Kapanış jeneriğinde dinlediğimiz, 1968 tarihli Nina Simone şarkısı “Ain’t Got No, I Got Life”, aslında “Hair” müzikali için yazılan iki şarkının (“Ain’t Got No” ve “I Got Life”) usta yorumcu için yeniden düzenlenerek bir araya getirilmesi ile oluşturulan ilginç bir parça. Nora Fingscheidt’in bu şarkıyı seçmesi ve kullanması çok yerinde olmuş filmin öyküsünü düşündüğümüzde. Şarkının ilk bölümü ev, para, arkadaş, iş ve aşk gibi pek çok unsur yanında annesinin de olmadığını söyleyen bir kişinin ağzından söylenir; ikinci bölümde ise gözleri, beyni, saçı, kolları, kanı ve yaşamı olan birinin kararlı duruşu çıkar karşımıza. Şarkı gerçekten de Fingscheidt’in yarattığı Benni karakteri için yazılmış adeta; bu bağlamda final bir bakıma bu şarkının da bir görsel özeti olmuş sanki.
Nora Fingscheidt yukarıda anılan evsiz kadınlar barınağında tanık olduklarını bir belgesel ile değil, bir kurgu öykü ile anlatmayı seçmiş ve bunu şu sözlerle ifade etmiş. “Çılgın, enerjisi yüksek ve gerçek olduğunu iddia etmeyen bir görsel ve işitsel sinema deneyimi yaratmak istedim. Gerçek çok daha kötü”. Bu “çok daha kötü”yü düşünmeye yönelten bir gücü olan yapıtın etkileyiciliğinde başta Helena Zengel olmak üzere, oyuncuların önemli payları var. Görüntü yönetmeni Yunus Roy Imer’in kamerasının pek çok sahnede karakterlerin arasında dolanıyor gibi hareket etmesi bu performansları daha da etkileyici kılıyor. Zengel ile hem öncesinde hem çekimler boyunca yakın bir ilişki kuran yönetmen, Benni karakterini onunla birlikte inşa etmiş bir bakıma ve Zengel’in birbirinden güç sahneleri olan ve kolayca abartılmaya müsait bir rolü, hayli olgun ve adeta dışavurumcu bir performansla canlandırmasına giden yolu açmış. Micha rolündeki Albrecht Schuch, Zengel’in aksine çok daha sade bir oyunculukla benzer bir başarı elde ederken; anneyi canlandıran Lisa Hagmeister karakterinin sevgi ve güçsüzlük dolu ruh halini ve içinde bulunduğu çıkmazı; görevli Bafané’yi oynayan Gabriela Maria Schmeide ise karakterinin çırpınışlarını ikna edici bir biçimde getiriyor karşımıza.

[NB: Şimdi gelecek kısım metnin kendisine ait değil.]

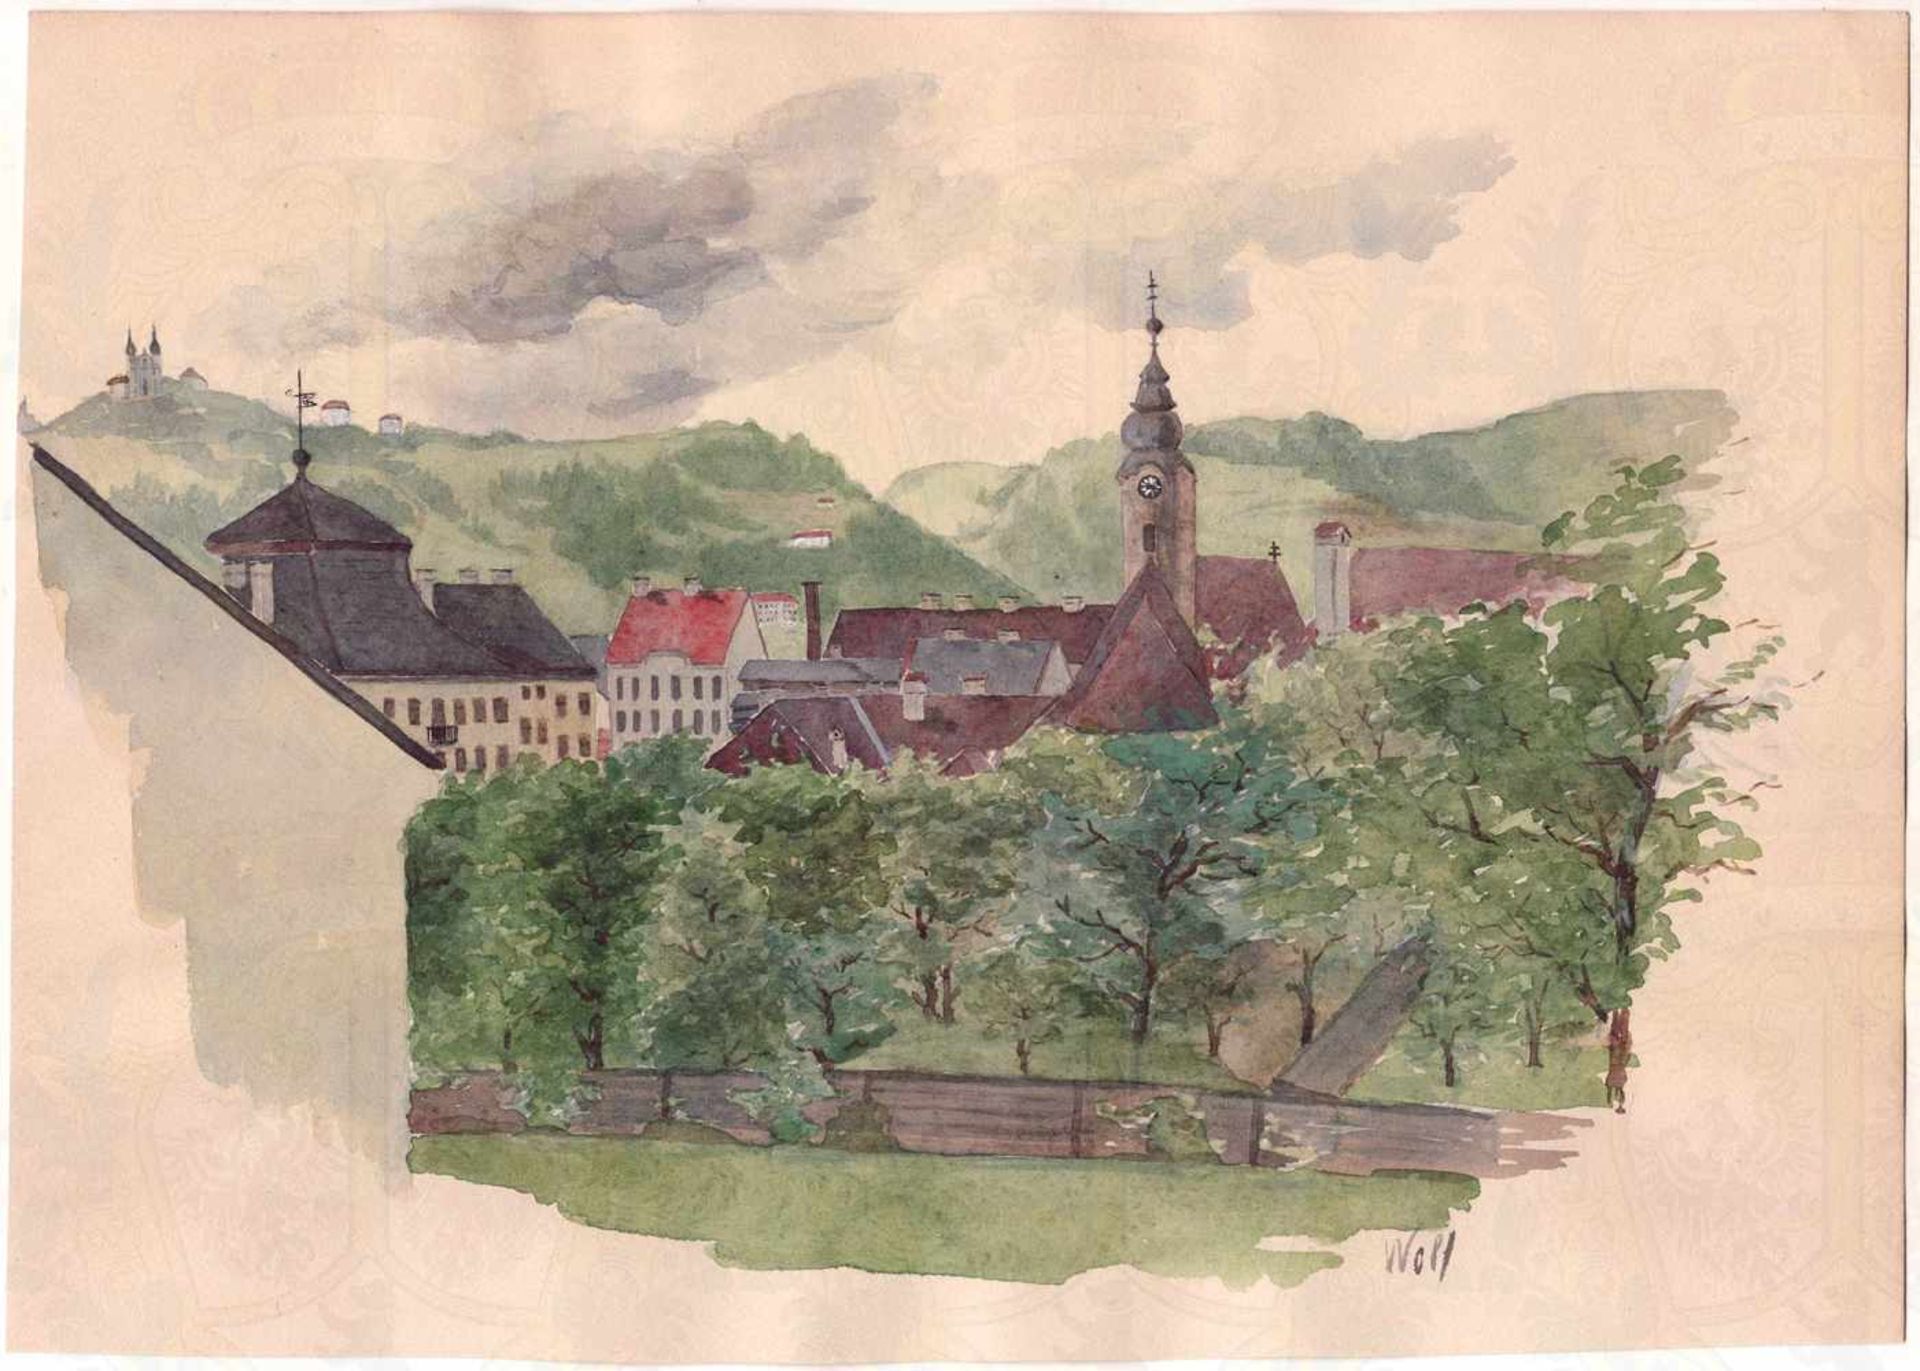 AQUARELL VON ADOLF HITLER, „St. Magdalenen bei Linz“, nördlicher Stadtteil von Linz, an der Donau

Anne-çocuk ilişkisi başta olmak üzere aile kavramı altında ele alınabilecek tüm ilişkilerin çetrefil yapısını ham bir gerçeklikle karşımıza getirmesi, geçmişteki travmaları sert ve çok kısa görüntülerle sergileyen ve öykü boyunca sık sık hareketlenen ilginç kurgusu (Stephan Bechinger, Iman Rahimi ve Julia Kovalenko), pembeyi daha önce hiç tanık olmadığımız bir şekilde rahatsız ediciliğin parçası yapması ve Gürtler’in görsellikte zaman zaman tanık olduğumuz “kontrol dışına çıkmaya” çarpıcı bir şekilde uyan müzikleri ile de kesinlikle ilgiyi hak eden bir çalışma bu.